**The problem**:
Exclude images; transcribe the rest of the data exactly.

**Supplied material**:
-*-
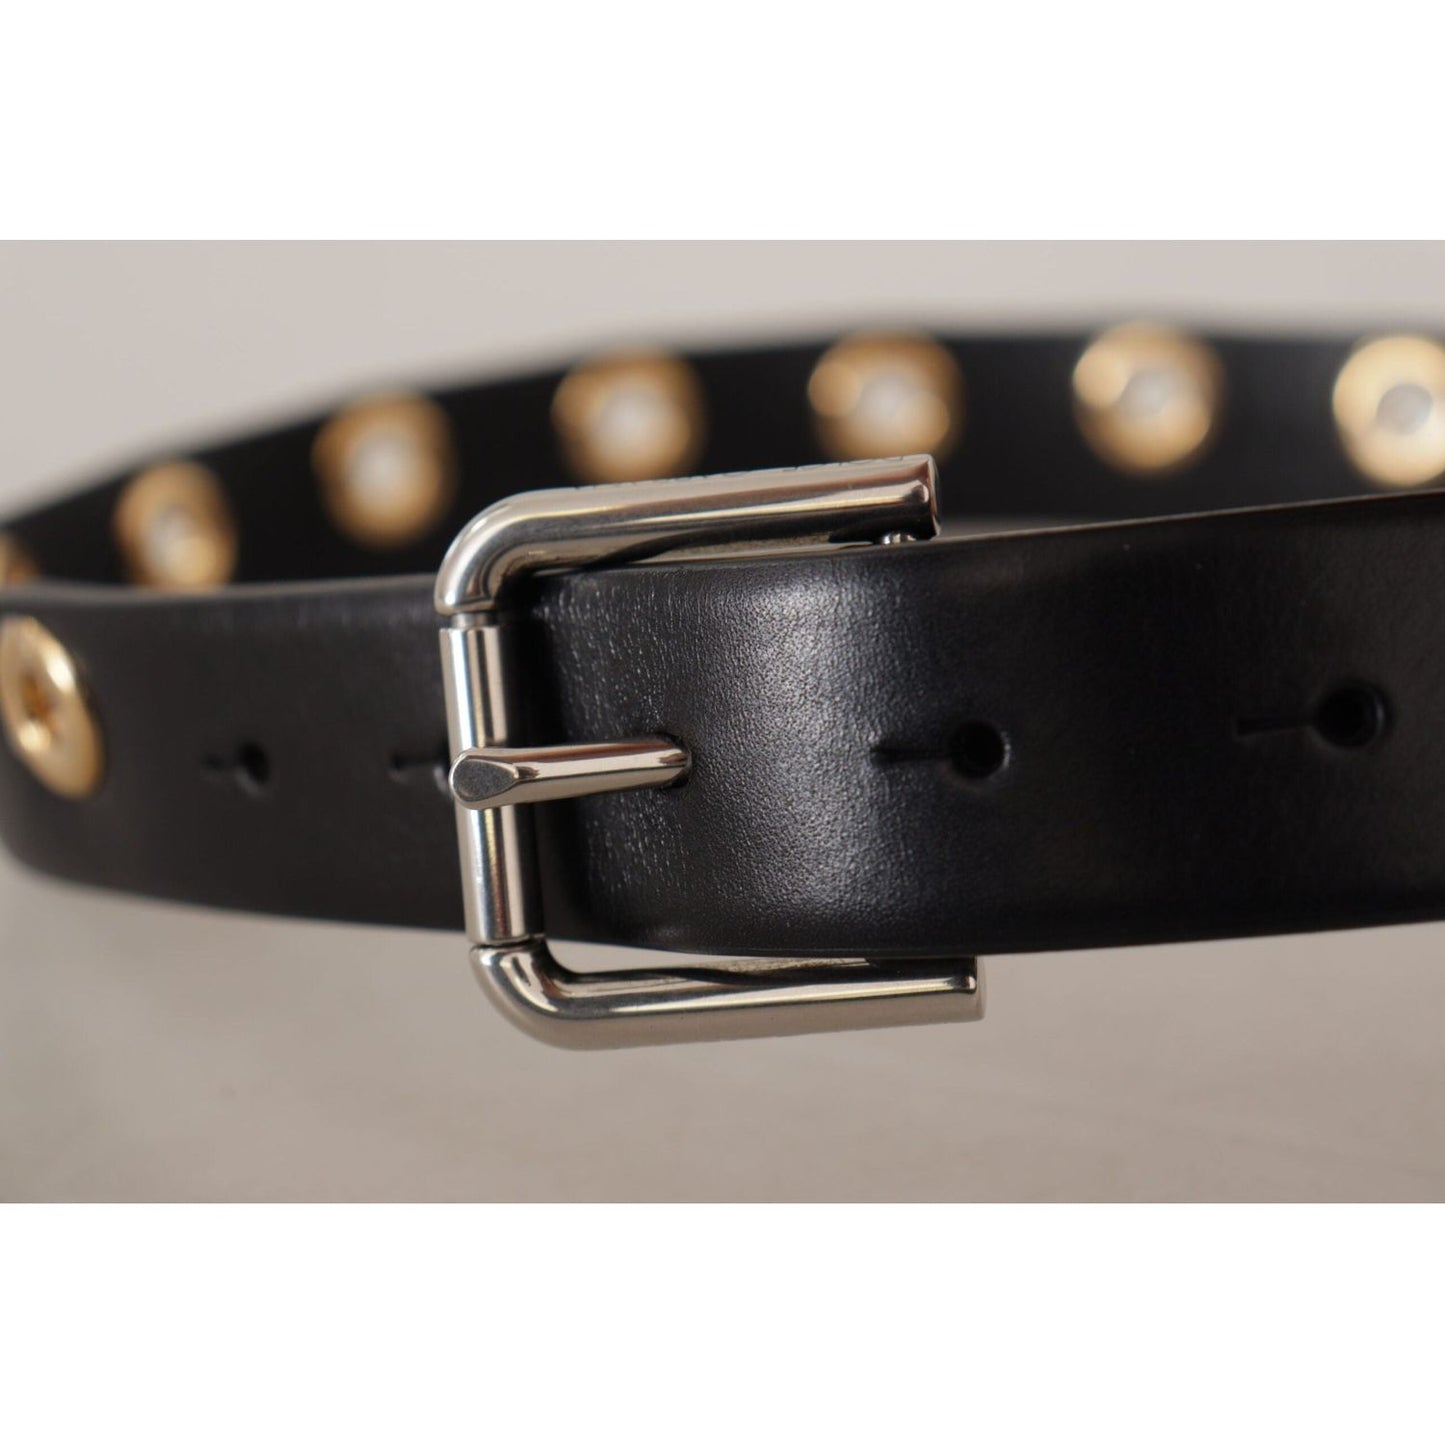 Dolce & Gabbana Chic Black Leather Belt with Engraved Buckle black-leather-eyelet-silver-tone-metal-buckle-belt
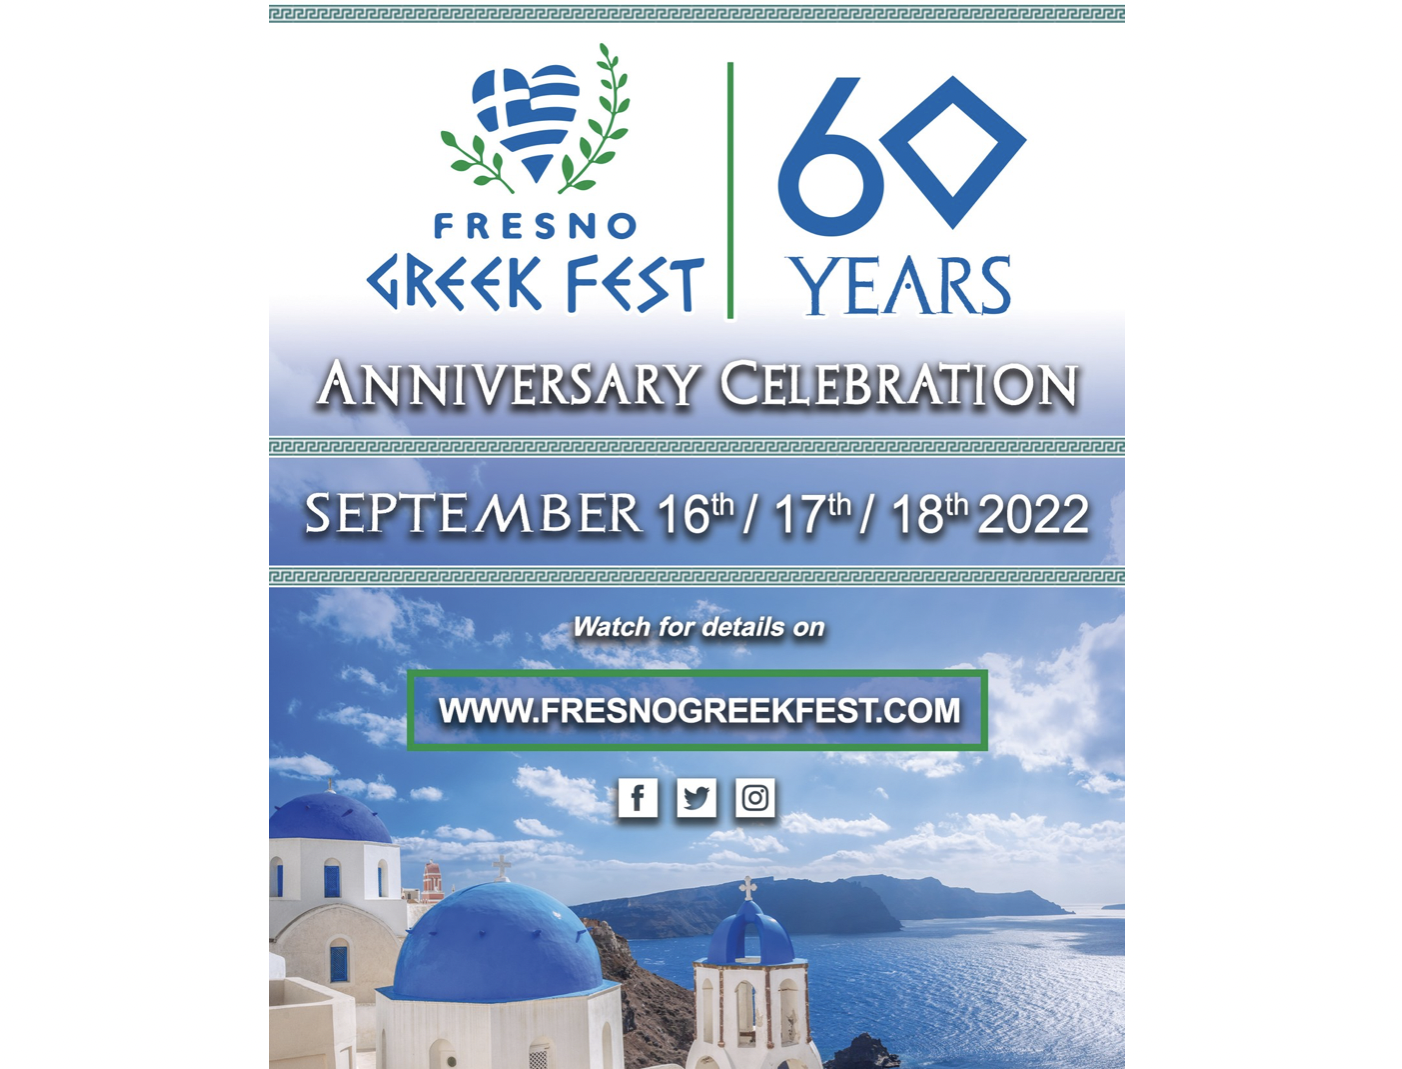 Fresno Greek Fest celebrates 60th anniversary after 2 years of
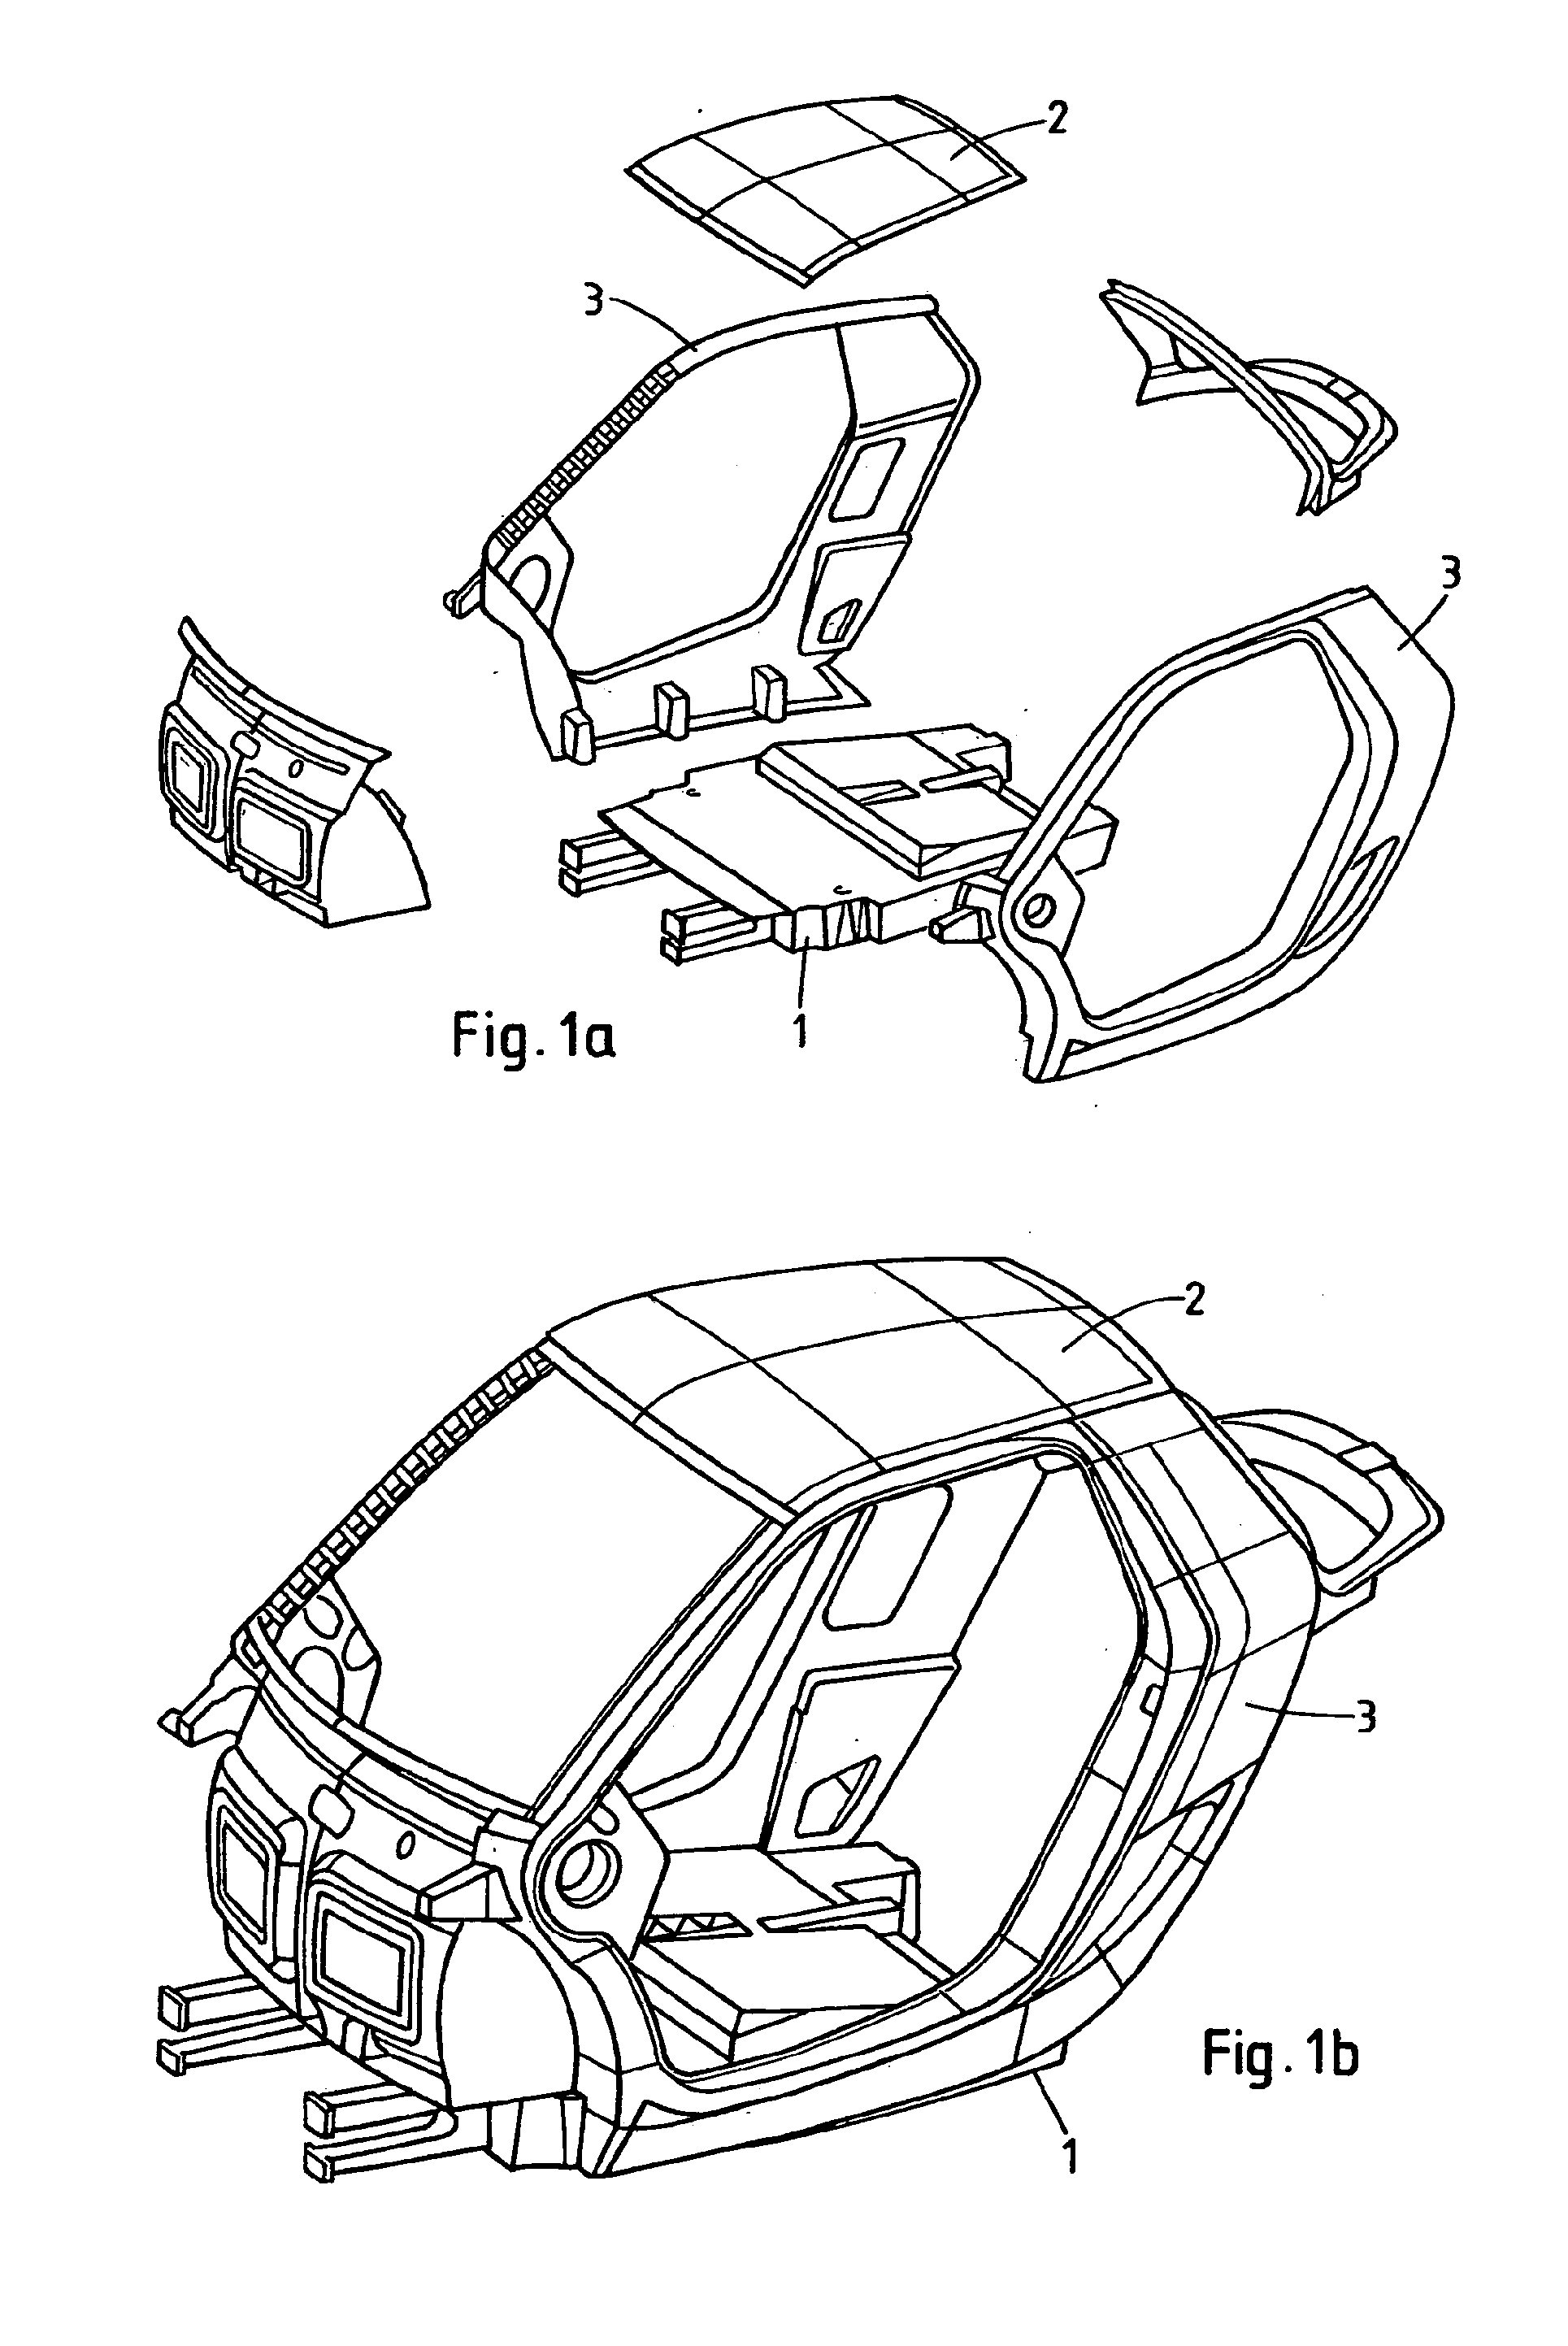 Motor vehicle body for light weight construction
-*-
**Reply to the exercise**:
 Dolce & Gabbana Chic Black Leather Belt with Engraved Buckle black-leather-eyelet-silver-tone-metal-buckle-belt
 Fresno Greek Fest celebrates 60th anniversary after 2 years of
 Motor vehicle body for light weight construction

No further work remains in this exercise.